While the Frankfurt-based bank was reported to have only purchased €10m of Irish, Greek and Portuguese bonds, the move was designed to convince markets that the ECB will intervene to stabilise European bond prices if necessary. The ECB never comments on bond purchases, but traders claimed it was among the day's buyers.

Despite the moves and an announcement about Anglo Irish Bank, the gap or 'spread' between German and Irish borrowing costs was at 3.81pc in afternoon trading, the highest level since Ireland adopted the euro.

Ireland is still facing the second highest borrowing costs (after Greece) in the eurozone, with 10-year debt trading at 5.89pc. This yield dropped by just two basis points following news that Anglo will be split into a savings bank and an asset management company.

The National Treasury Management Agency will today once again test the appetite of the market for Irish debt, with treasury bills worth as much as €600m being offered at an auction. The short-term money being auctioned will mature next February.

Referring to the ECB, one trader said its influence remained crucial.

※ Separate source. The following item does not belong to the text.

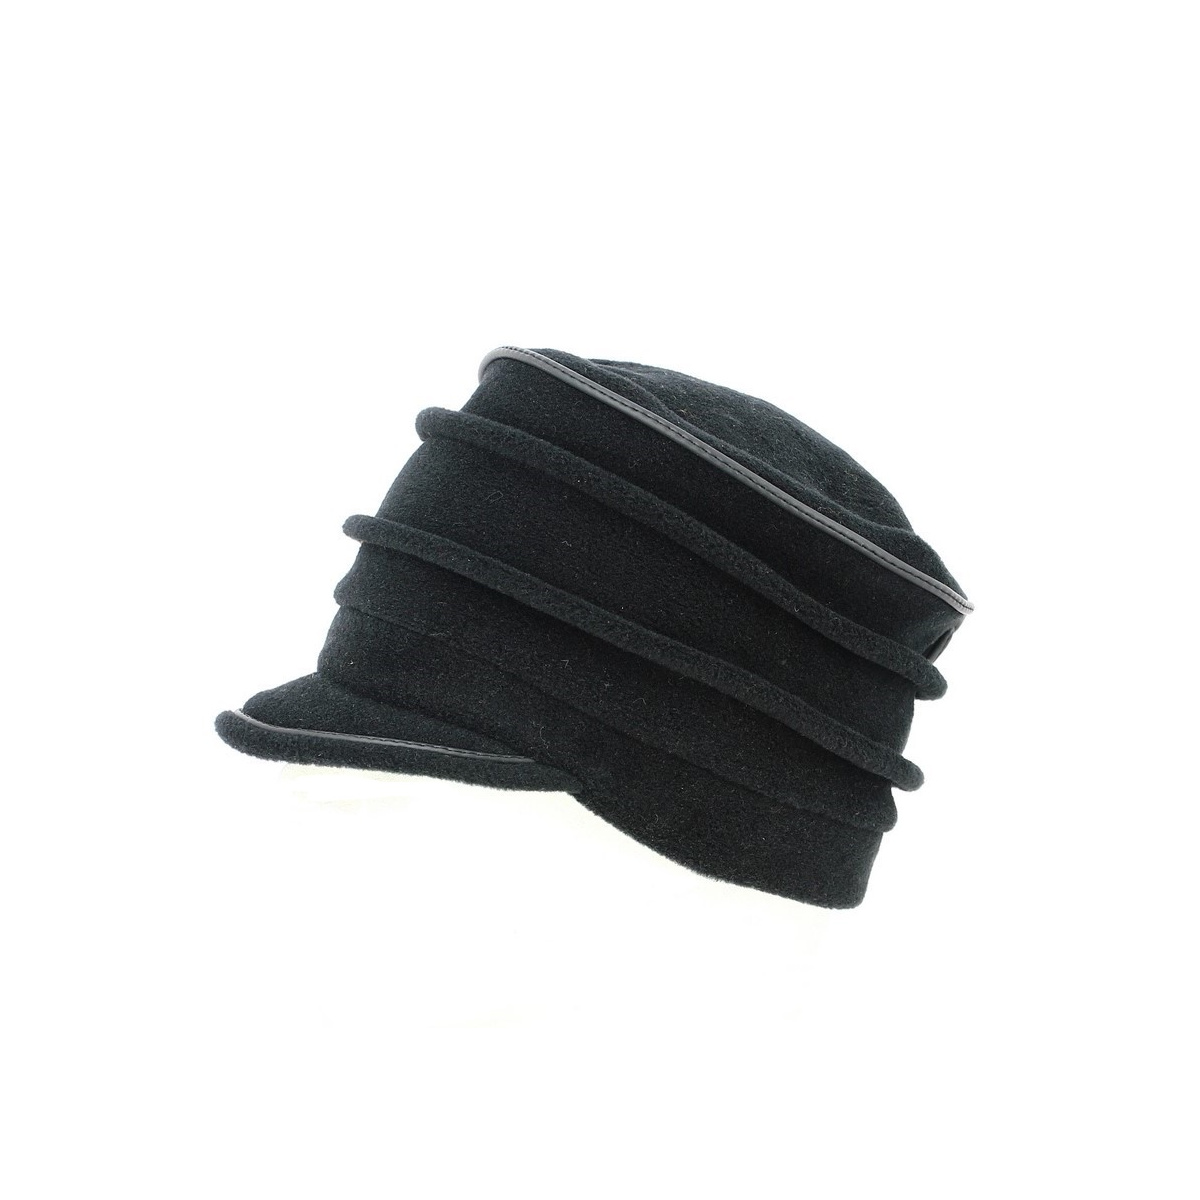 Casquette Femme Anna polaire NOIRE - TRACLET Reference : 13456

"They're trying to remind people they haven't abandoned the market," said Marc Ostwald, a strategist at Monument Securities in London.

The ECB began buying bonds in May as the International Monetary Fund and European Union created a €750bn fund to backstop the single currency, though its purchases have waned over time.


A range of factors are pushing up bond yields in Ireland, Greece and Portugal.

Chief among them is that growth in these economies is going to slow, making the burden of their debts even heavier.

The scale of bank rescues is also concerning some traders. S&P, for instance, claims that Anglo will cost the Exchequer €35bn in total.

Another worry is whether European banks can roll over huge debts during September. There are also questions over asset quality at German banks.

Reflecting the prevailing gloom, Portugal's borrowing costs increased at an auction of €661m of bonds. Some of the bonds mature in 2013, with the others maturing at 2021.

The 2013 sale attracted bids for 1.9 times the amount offered. The 2021 bond auction attracted bids for 2.6 times the amount offered.

Meanwhile, the Federal Reserve said the US economy maintained its expansion, but was showing "widespread signs of a deceleration" in mid-July through the end of August. Its views were based on a survey of 12 regional Fed banks.

Five regional banks reported "economic growth at a moderate pace" and two pointed to "positive developments or net improvements".

The remaining five banks said conditions were mixed or decelerating.

The report underlines the Fed's view that while the recovery from the worst recession in seven decades has cooled, the economy isn't relapsing into a contraction at this point.

In a speech last month, Federal Reserve chairman Ben Bernanke said "the preconditions for a pick-up in growth in 2011 appear to remain in place".